## Introduction

Consider an array of integers. We suppose the integers are sorted by their natural order. If we have a particular integer value, we want to search the array to see if it’s included. In this article, we will show an approach based on a “divide and conquer” strategy, called “binary search”.

## Problem Example

Consider an array of integers from 1 to 5, sorted by their natural order.

```
int[] sortedSet = { 1, 2, 3, 4, 5 };
```

Suppose we want to search the above integer set to find the value 4. Exploiting the fact the numbers are sorted we can proceed like this:

- We divide the array by two and take the resulting value as its middle position
- We evaluate the value corresponding to the middle position
- If it equals 4 the search is terminated and we have a match
- If it’s less than 4 then we go on searching only on the left half of the array
- If it’s greater than 4 then we go on searching only on the right half
- We repeat the above steps until we cannot divide further

We can implement the above steps in two equivalent ways: iteratively and recursively. We will show both these approaches in the next sections.
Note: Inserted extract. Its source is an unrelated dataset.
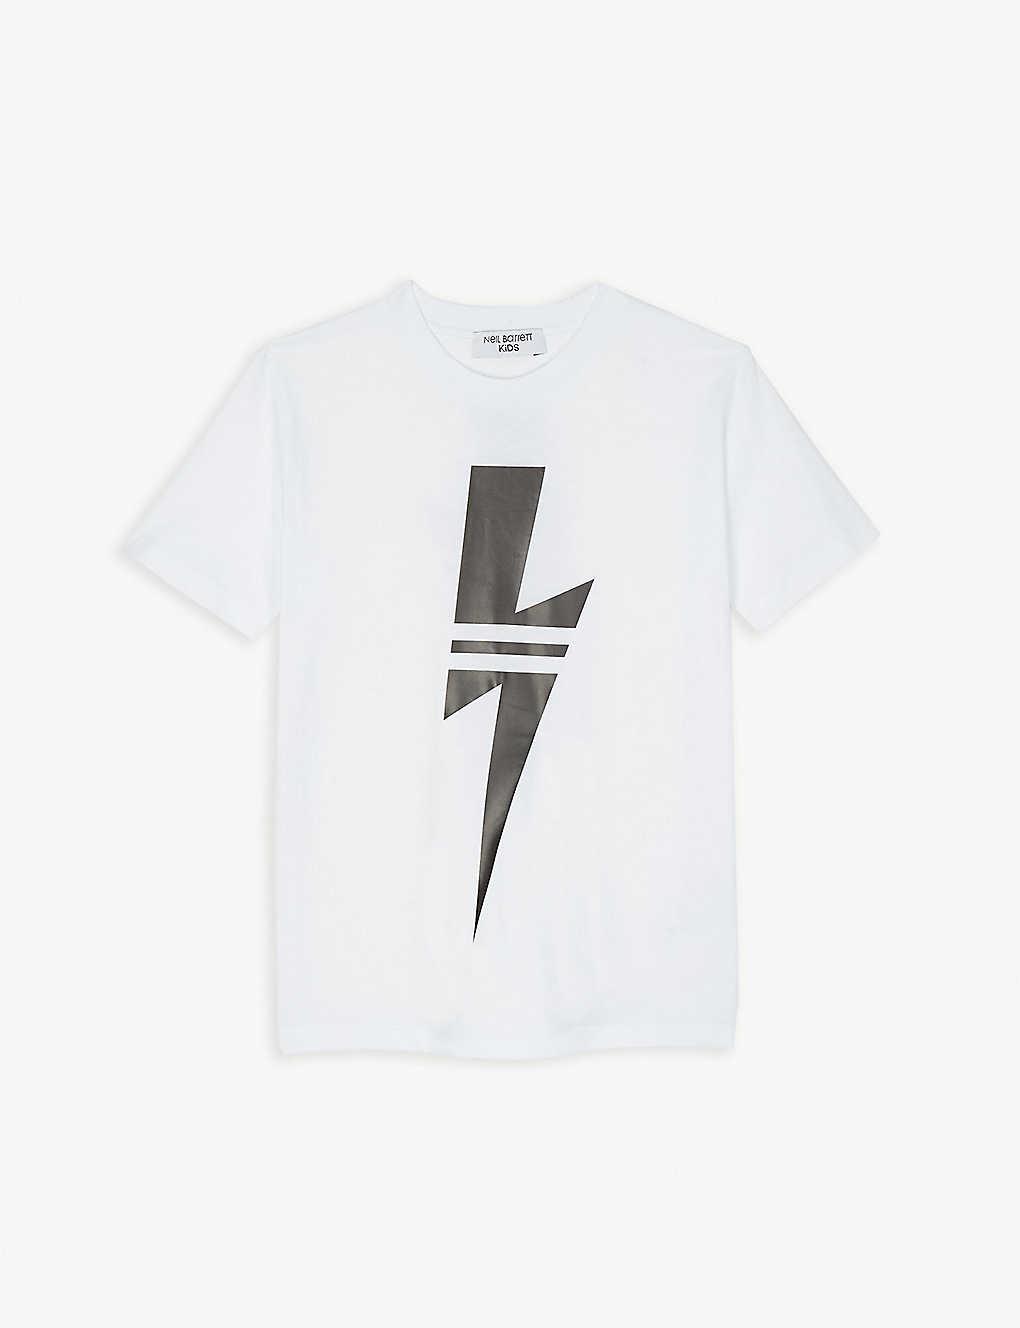 9e6263d2 NEIL BARRETT - Striped lightning bolt cotton T-shirt 4-14 years ...

## Binary Search in an Iterative Way

We can decline the generic description of the algorithm iteratively. While the first index the array is less or equal to the last one:

- We calculate the difference between the last and first index of the array and divide by 2
- We set the middle index of the array as the first index plus the previous calculation (it is necessary to calculate the right value of the middle index if the divide operation is made more than once)
- If the value corresponding to the middle index is equal to 4 we have a match and we stop the searching
- If 4 is less than it, then we set the second index as the middle one minus 1 and repeat the calculation of the middle index for the left half
- If 4 is greater than it, then we set the first index as the middle one plus 1 and repeat the calculation of the middle index for the right half

We can implement what is said above by Java code:

```
@Test
public void binarySearchIterativeTest() throws Exception {
int[] sortedSet = { 1, 2, 3, 4, 5 };
int keyValue = 4;
int i = 0, j = sortedSet.length - 1;
int searchResult = -1;
int middle = -1;
while (i <= j) {
middle = i + (j - i) / 2;
if (keyValue == sortedSet[middle]) {
searchResult = sortedSet[middle];
break;
}
if (keyValue < sortedSet[middle]) {
j = middle - 1;
} else if (keyValue > sortedSet[middle]) {
i = middle + 1;
}
}
assertEquals(4, searchResult);
System.out.println(searchResult);
}
```

### Performance Considerations

The time complexity of the above algorithm is O(log n).

## Binary Search in a Recursive Way

We can re-write the algorithm shown in the previous section recursively. The logic is the same, but we exploit a recursive function to implement the repeating part:

```
private int binarySearchRecursive(int[] sortedSet, int i, int j, int keyValue) throws Exception {
if (i <= j) {
int middle = i + (j - i) / 2;
if (keyValue == sortedSet[middle]) {
return sortedSet[middle];
}
if (keyValue < sortedSet[middle]) {
j = middle - 1;
} else if (keyValue > sortedSet[middle]) {
i = middle + 1;
}
return binarySearchRecursive(sortedSet, i, j, keyValue);
}
return -1;
}
@Test
public void binarySearchRecursiveTest() throws Exception {
int[] sortedSet = { 1, 2, 3, 4, 5 };
int i = 0, j = sortedSet.length - 1;
int keyValue = 4;
int result = binarySearchRecursive(sortedSet, i, j, keyValue);
assertEquals(4, result);
System.out.println(result);
}
```

### Performance Considerations

The time complexity of the above algorithm is O(log n).

## Conclusion

In this article, we have seen an iterative and recursive approach to perform a binary search on a sorted array of integers. The example code is available on GitHub.